Data for this exercise |
━━━━━━

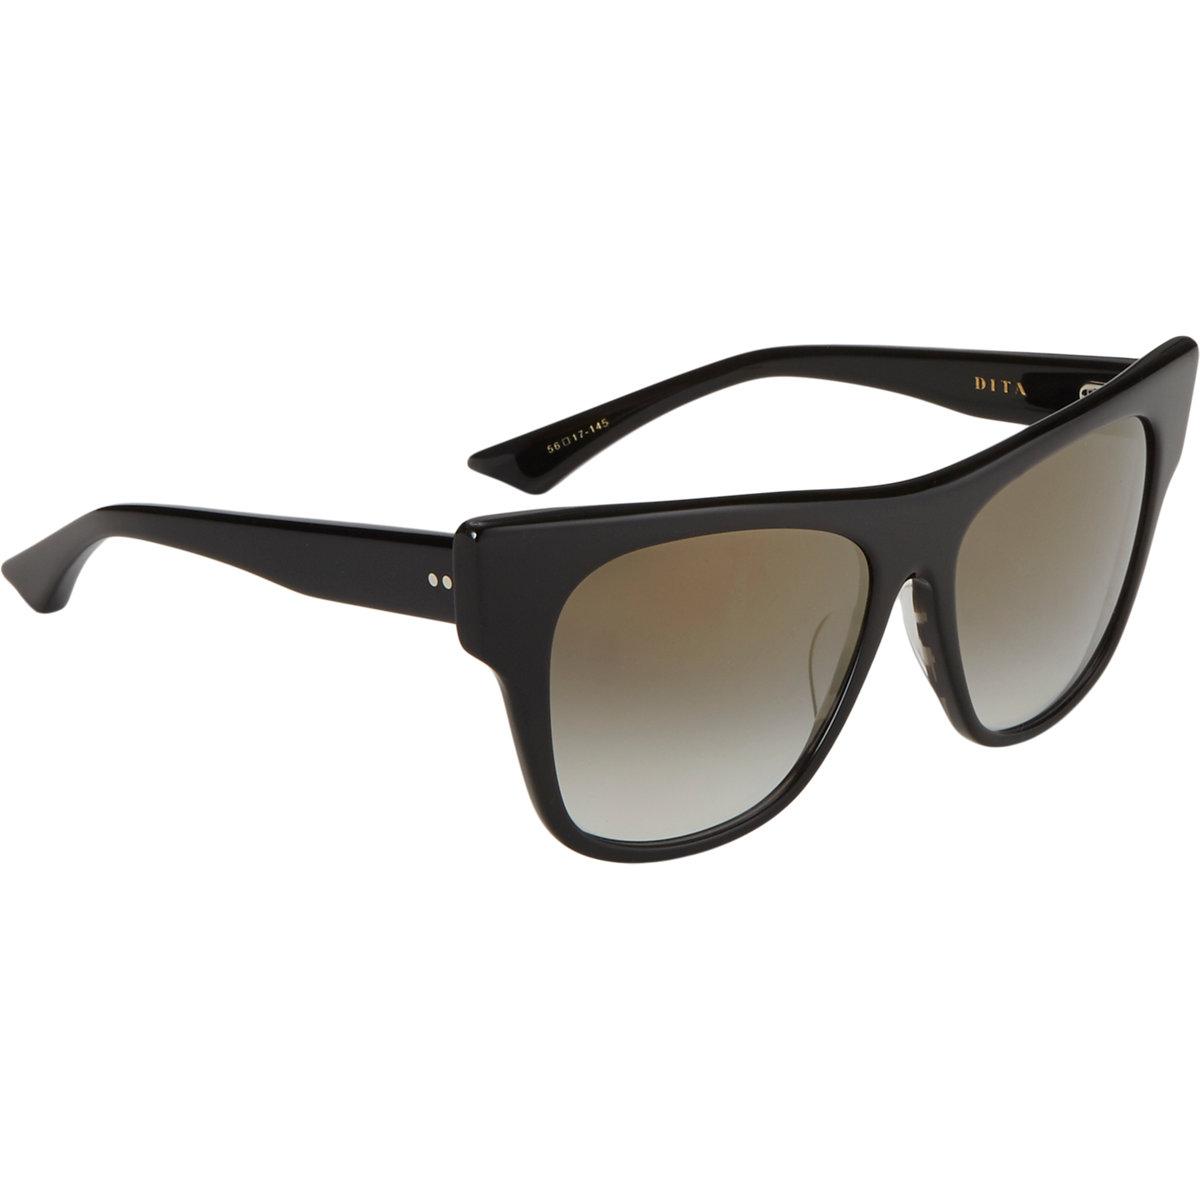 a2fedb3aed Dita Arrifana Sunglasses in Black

━━━━━━

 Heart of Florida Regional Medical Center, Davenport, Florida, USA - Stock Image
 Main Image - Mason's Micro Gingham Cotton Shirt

━━━━━━

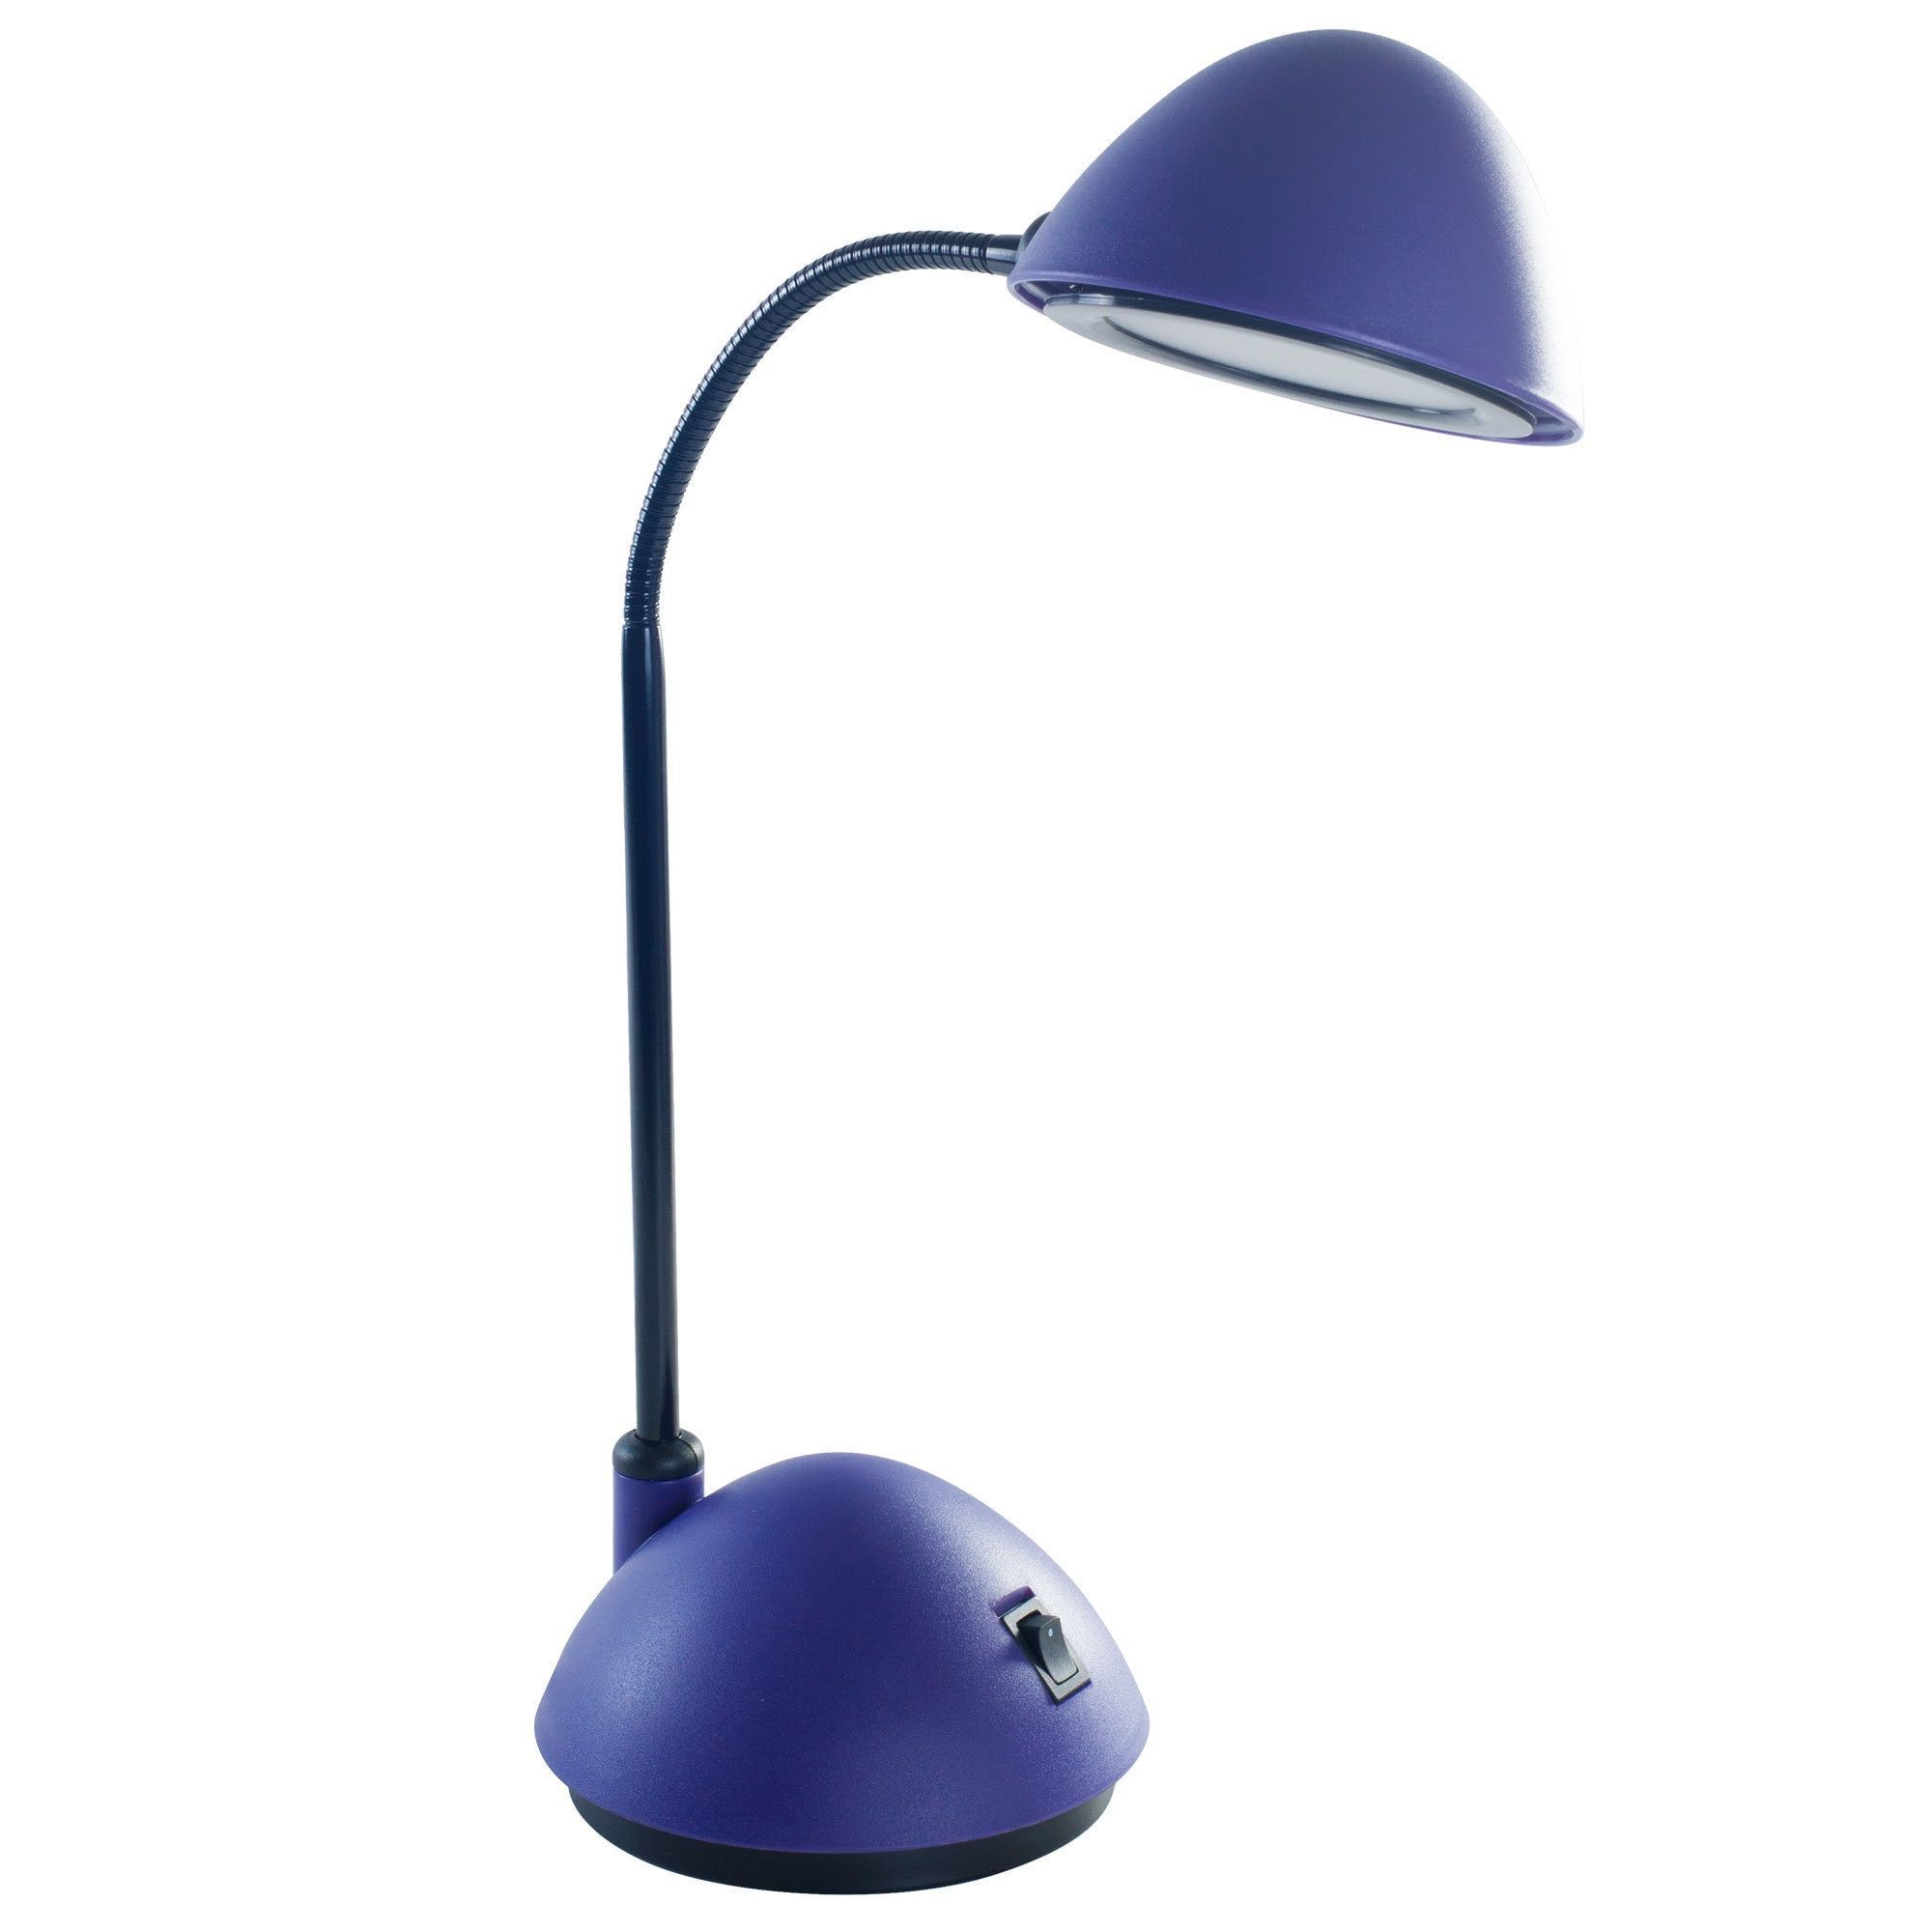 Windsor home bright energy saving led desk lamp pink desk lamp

━━━━━━

Task goal | Please report every line in the entries above that holds the string "Image".

Task solution |
 Heart of Florida Regional Medical Center, Davenport, Florida, USA - Stock Image
 Main Image - Mason's Micro Gingham Cotton Shirt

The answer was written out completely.